Mais c’est un peu plus compliqué que le cas d’une mère qui interdit ou dit que c’est sale. Je crois qu’elle avait tout à fait compris que c’était normal et qu’il ne fallait surtout pas l’interdire. Mais elle n’a jamais pu dépasser sa gène pour m’en parler (en même tant je ne lui ai jamais rien demandé). Et ce qu’il s’est passé c’est que le tabou était tel que je pensais être la seule à faire ça et donc anormale, monstrueuse… bref pas cool
du coup je ne sais pas trop ce qu’il faut faire face à un enfant qui ne pose pas de question (respect de l’intimité ou éviter de créer un tabou pesant)
sinon rassurez vous, même en partant trés mal sur le terrain de la sexualité on peut s’en remettre et profité de tout ça!

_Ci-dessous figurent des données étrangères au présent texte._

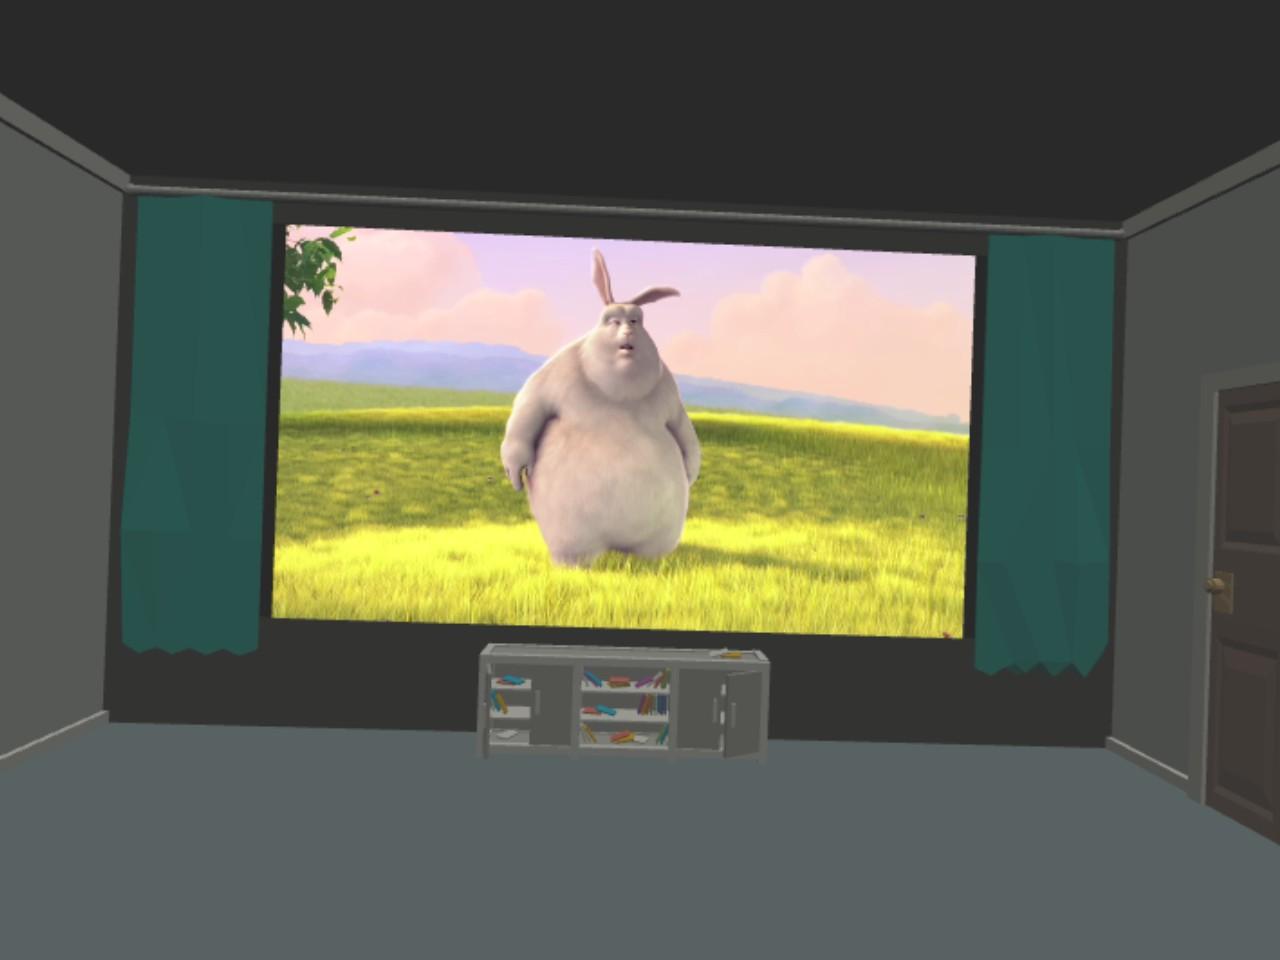 I tradičním videím se může hodit podpora VR, neboť mohou získat na zajímavosti umístěním do virtuálního prostředí (Zdroj: Chromium.org)
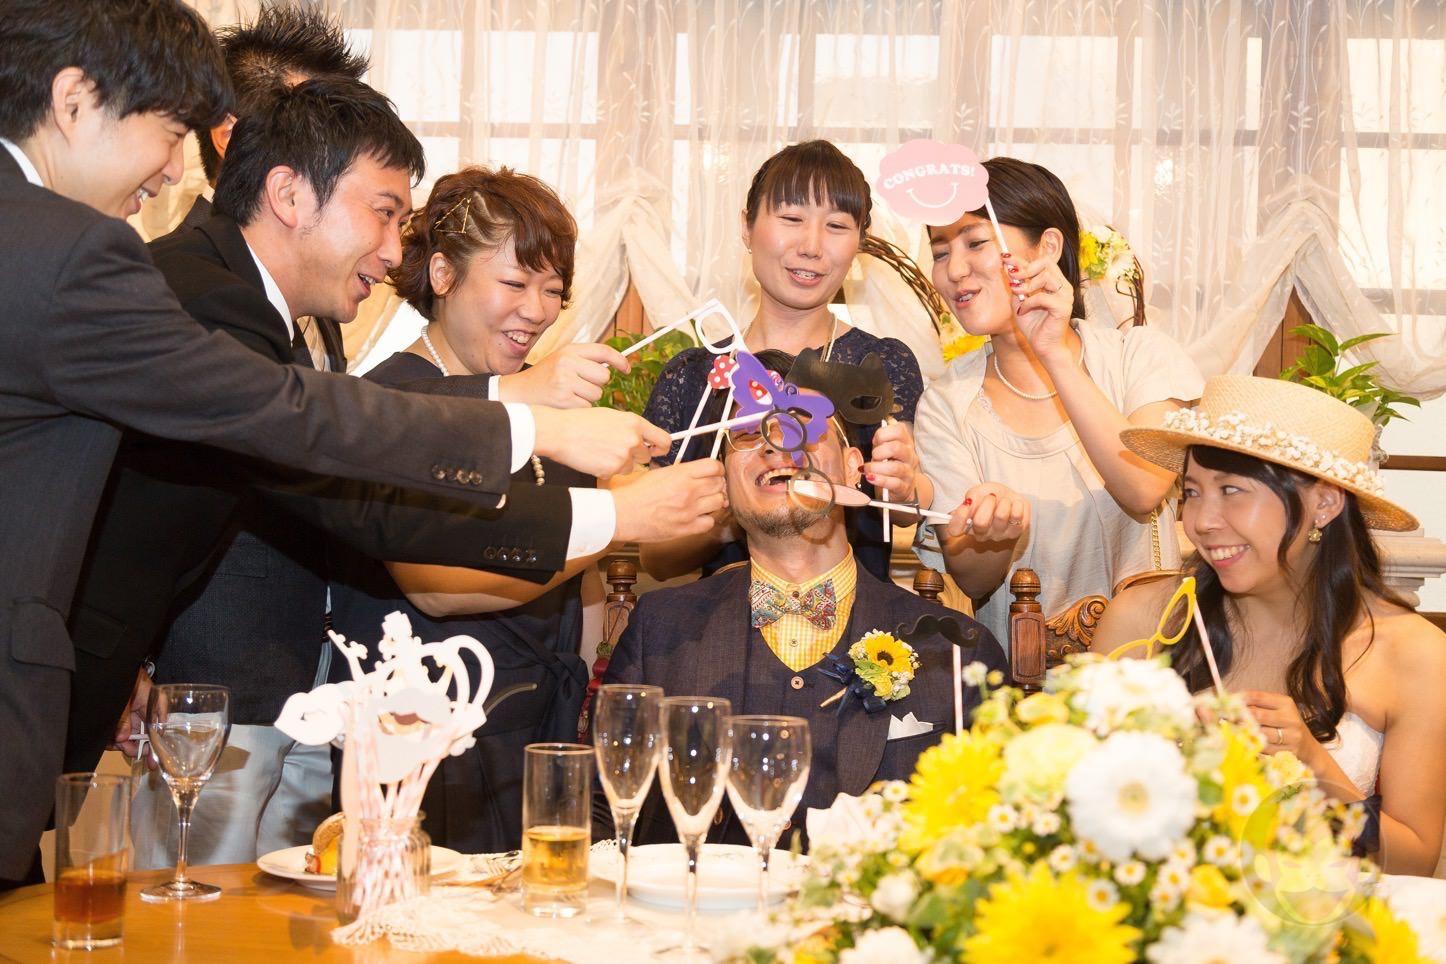 Hanzoya-Wedding-GoriMeYomeMe-205.jpg

Les filles comme moi ne sont pas toutes perdues!!
Marrant, ça me renvoie à une discussion avec mes enfants (Loulou 6 ans et demi et Louloutte 5 ans) dans le bain.
Louloutte (tendance « je me différencie à mort de mon frère en insistant ! moi fille, lui garçon. mais en même temps, suis un peu jalouse sur les bords parce que lui c’est l’ainé et c’est pas juste ») : Maman, c’est pas juste, Loulou il a un zizi qui se voit et moi pas !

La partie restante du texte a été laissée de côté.